I don't even know what your overall circuit is. Why don't you post your schematic, and include what your motor voltage and VA or wattage rating or current rating is, what you're using for Vcc and +V for your motor, etc.

now.... right after I posted... I found out that HEXSENSE IRC540 type of power mosfet are divested... so I dont think I can find them on my local market...

You should put your location in your profile, as we don't know where we might suggest that you can obtain parts.

Click the "User CP" link near the top of this page, on the next page click "Edit Your Details", and on the next page, scroll down to "Location" and put your country and state or province in the box provided - then click the [Save Changes] button near the bottom.

can you suggest some alternative method? with an H-Bridge if I connect a series resistance(in milli ohm range) the polarity will change..... and if I rectify it with some diodes before giving that as an input to my adc"--- the problem here is that diodes are temperature dependent..... I wont get an accurate result from this sort of topology...

Well, not this evening. It's getting a bit late here, and I just finished a large dinner and am rather sleepy.

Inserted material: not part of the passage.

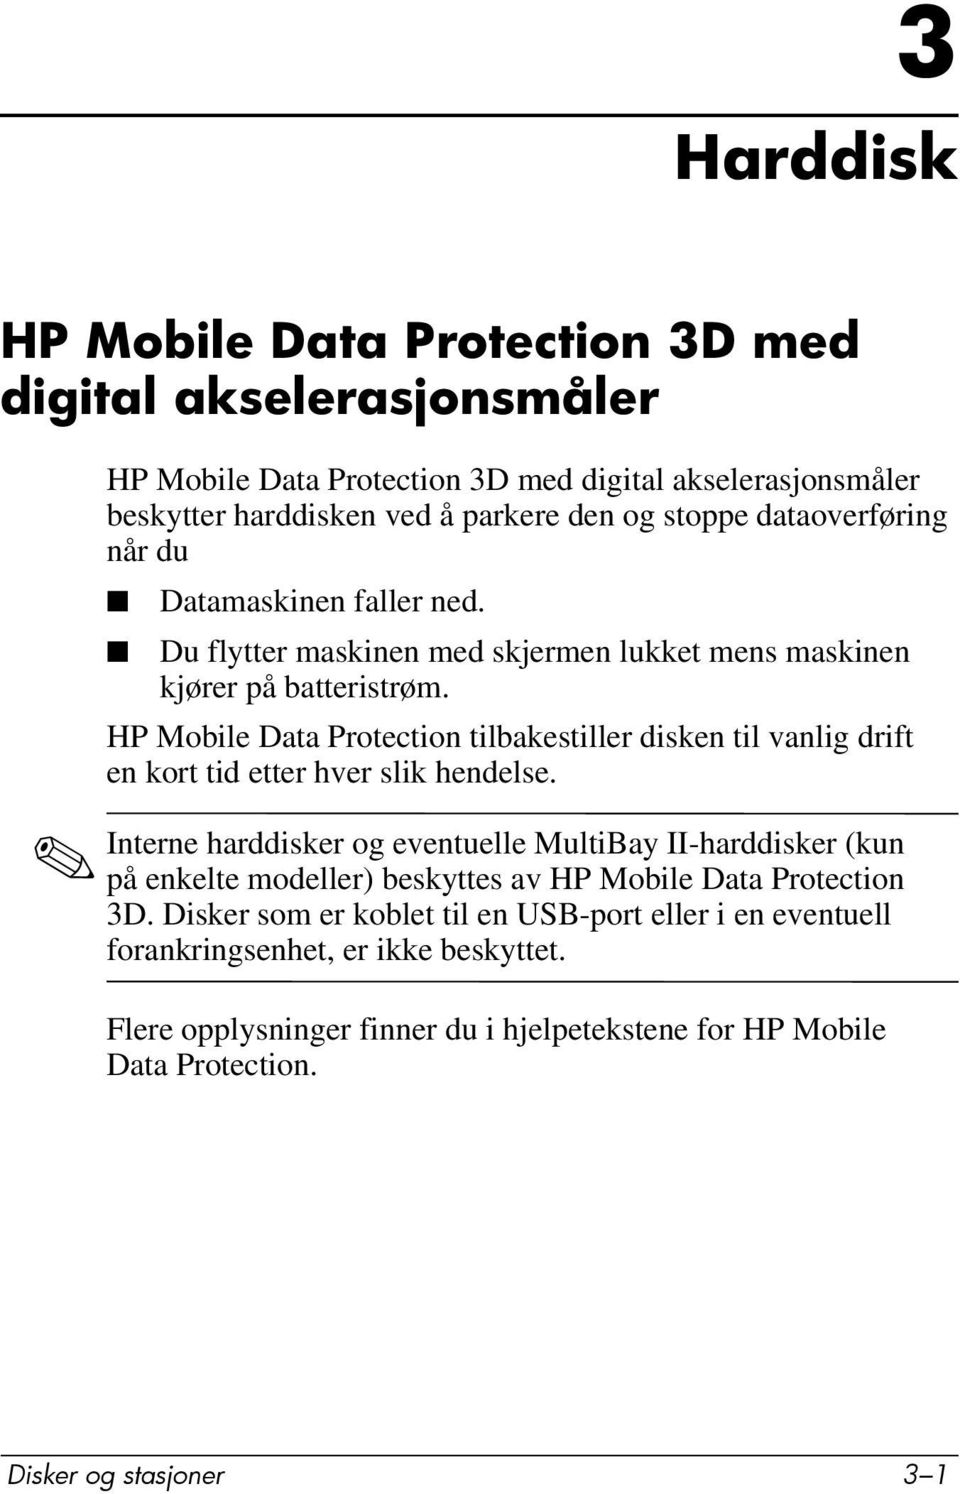 HP Mobile Data Protection tilbakestiller disken til vanlig drift en kort tid etter hver slik hendelse.

now... for the continuous high side gate drive? do you think the 555 timer topology is going to work.... because if I use the pwm method to swap between AHi and ALo..... don't you think 40ns would actually turn off the high side mosfet for some time... which would result in a pwm supply for the motor.....(I dont want variable speed here...)

Ahhh... where did you come up with 40nS?

You're going to have to have some dead time between turning one side (high or low) off and the opposite side on. MOSFETs turn ON faster than they turn OFF. One way to do that is to use the resistor snubber as I was talking about; say around 22 Ohms or so, and then also have a fast diode like a 1N914/1N4148 with it's anode towards the gate to provide a fast gate discharge path. This "buys extra time" for the one to turn off, while the other is turning on.

 

Im attaching my cicuit diagram(itz the basic concept I hv so far)

1) Do I need diodes across drain source of the MOSFET in reverse bias? If so what kind of diode should I use(some model number would be helpful)

2)

Ahhh... where did you come up with 40nS?

I used this to get it

btw Im using IRF540.... so at 12V the Qc is around 55nC now if I use switching frequency of Fsw= 100KHz then Pdrv = Qc x Vcc x Fsw = (55nC) x 12 x (100K) = 0.066W... which is not even 1/4 watts? and if the resistance is 10ohm then transition time t = Qc/Ig would result in t= (55nC) / (1.2A) = 40ns... I got Ig = 1.2A from 12V/10ohm = 1.2A ..... ARE My CALCULATIONS CORRECT?

the thing is Im not quite sure about this calculation....

3) Im also not sure of the 555 timer thing to keep a continuous high side gate charge.... instincts tell me it might cause trouble.... Im not that savy with 555 timer nd specially this configuration of 555 timer....

do u think it is going to work smoothly....

4) then therez the problem and confusion is with the series dc motor.... what do u think? check the image series motor connection....

 

What is the voltage and current or VA or wattage rating of the motor?